Beryl Dean MBE (2 August 1911 – 2001) was a British embroiderer. She was known for rejecting the traditional Victorian designs and for creating her own contemporary embroidery designs.

==Life==
Dean was born in Bromley in 1911. Her mother, Marion, was a natural artist and her father was a share dealer. She gained her skills at the Royal School of Needlework. She graduated in 1932 and went on to study dress design and leatherwork at Bromley School of Art. Her early promise was recognised in 1935 when the Royal College of Art gave her a Royal Exhibition.

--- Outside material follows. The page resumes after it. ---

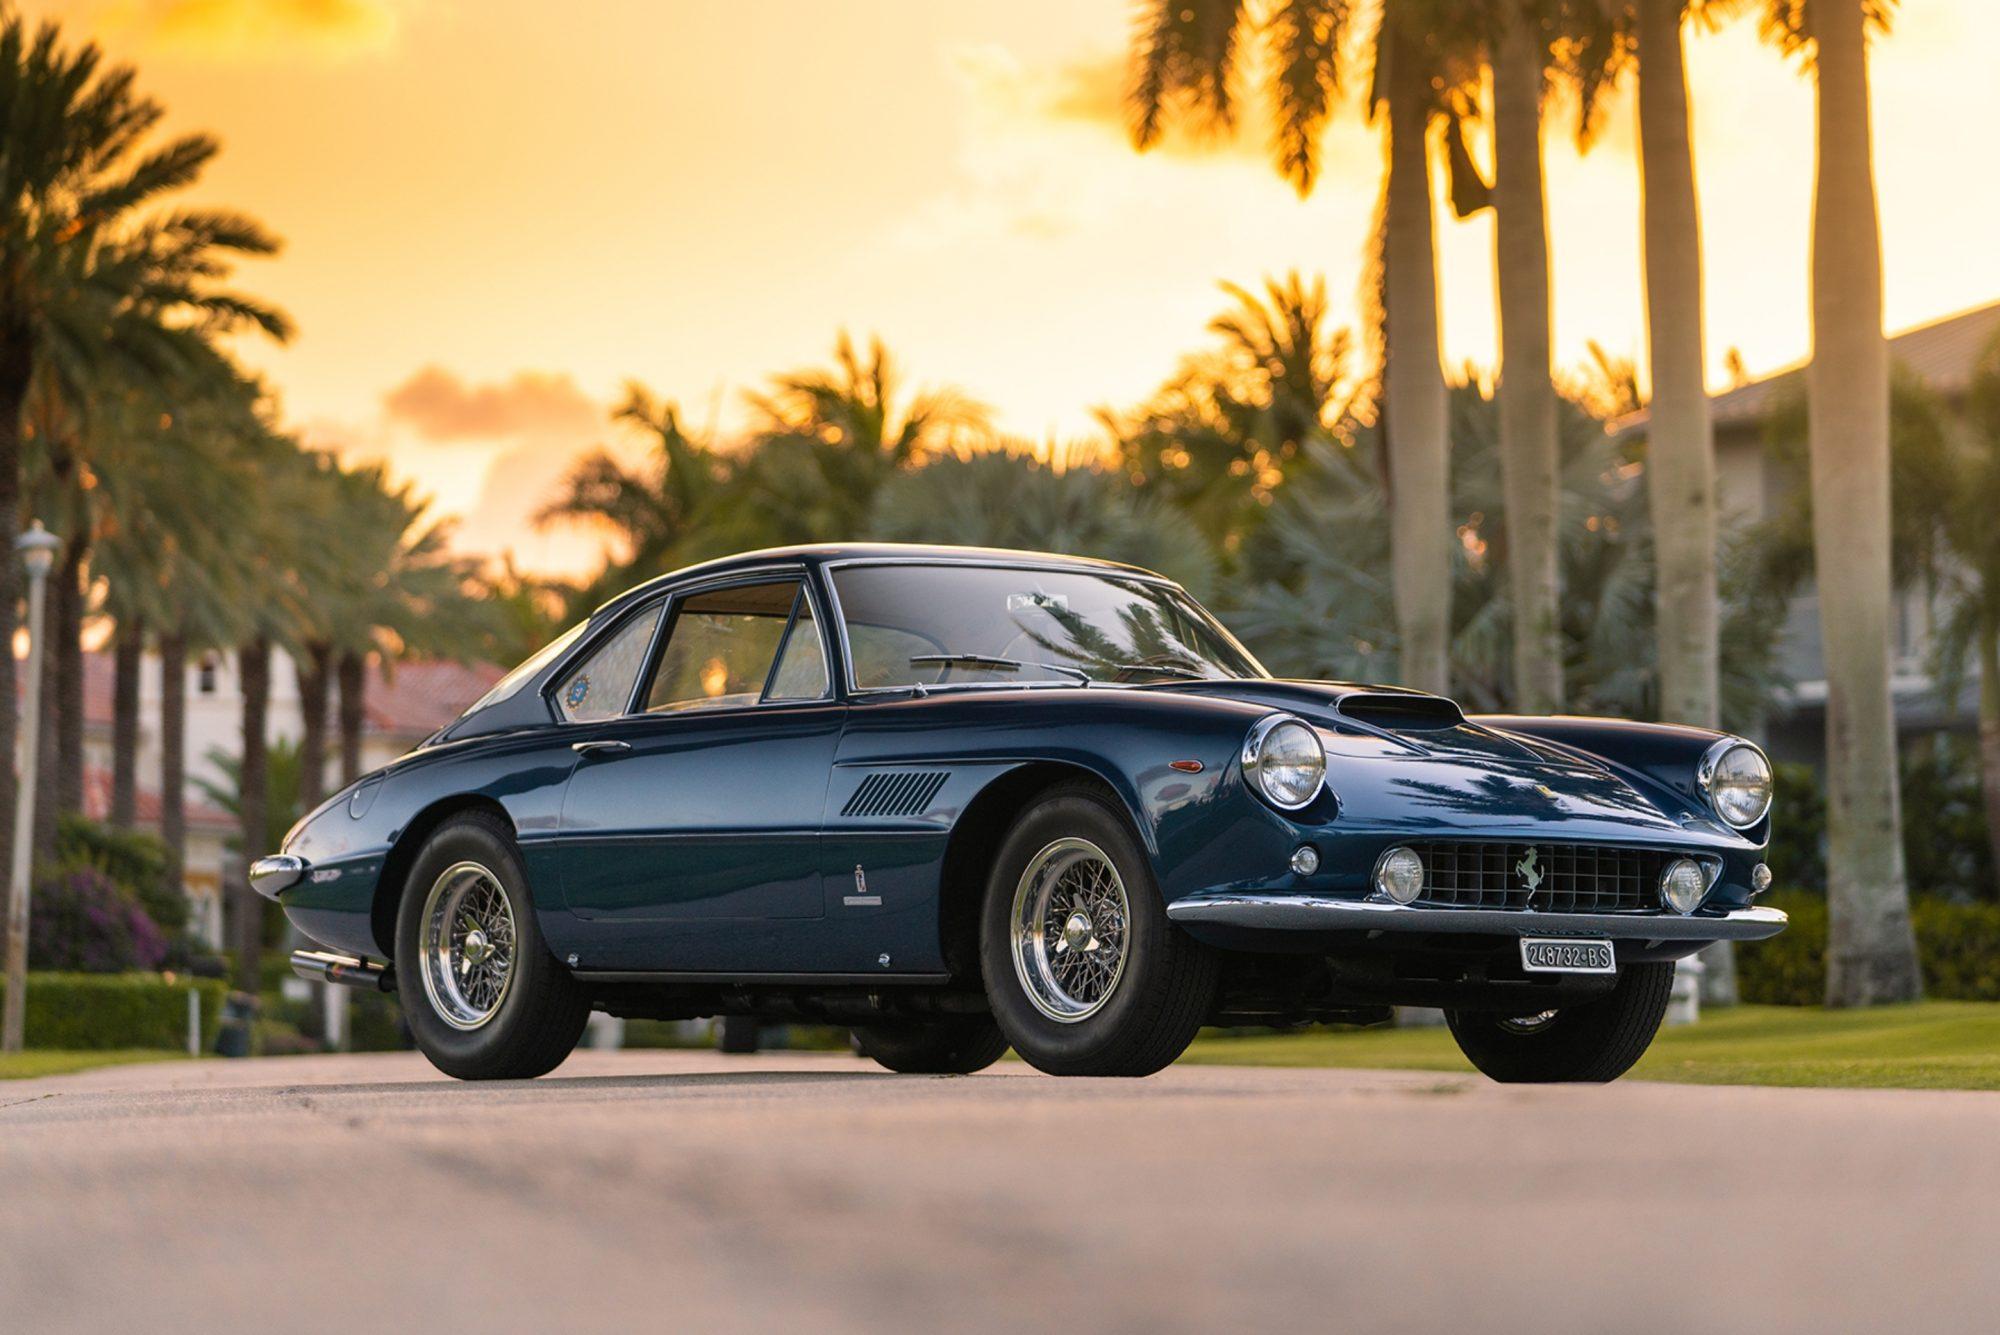 1962_Ferrari_400_Superamerica_Series_I_Coupe_Aerodinamico_03-2000x1335

In 1946 she left the Eastbourne School of Art, where she was lecturer for seven years, to join King's College, Newcastle upon Tyne. In response to concern that textile skills were diminishing, Dean helped the Needlework Development Scheme who were trying to re-energise needlework teaching in schools.

Dean rejected the traditional Victorian designs used in religious embroidery and sought to create her own contemporary designs. In the 1950s she took on commissions from Guildford and Chelmsford Cathedrals, King's Lynn Minster, St Martin's Church, Dorking, and St Giles' in Northbrook, Illinois.

In 1958 she published her book "Ecclesiastical Embroidery" and lectures on the subject in Britain and America. In 1968 she established new interest in the subject when she helped curate an exhibition at St Paul's Cathedral, and groups of people interested in contemporary ecclesiastical embroidery formed in Britain.

In 1969, with funding that included the descendants of the Knights of the Garter, Dean set out on a five-year task to create five embroidered panels to hang in the Rutland chantry of St George's Chapel at Windsor Castle. The five panels represent the annunciation, the visitation, the adoration of the magi, the temptation of Christ in the wilderness, and the miracle at Cana. Only one of the panels is normally on display to the public.

Dean designed a cope for the Silver Jubilee of Elizabeth II in 1977, depicting churches in the diocese of London including St. Paul's Cathedral. This was worn by the Bishop of London at the jubilee celebrations.

Dean died on 27 March 2001. Her 1984 piece "Head of Christ" is in the Victoria and Albert Museum. The embroidery, which uses a difficult technique, was inspired not by a commission, but by Dean's imperative to give good use to some remaining skeins of Japanese gold thread.

==Selected publication==

- Ecclesiastical Embroidery (1958)

- Church Needlework (1961)
- Ideas for Church Embroidery (1968)
- Creative Applique (1970)
- Embroidery for Religion and Ceremonial (1981).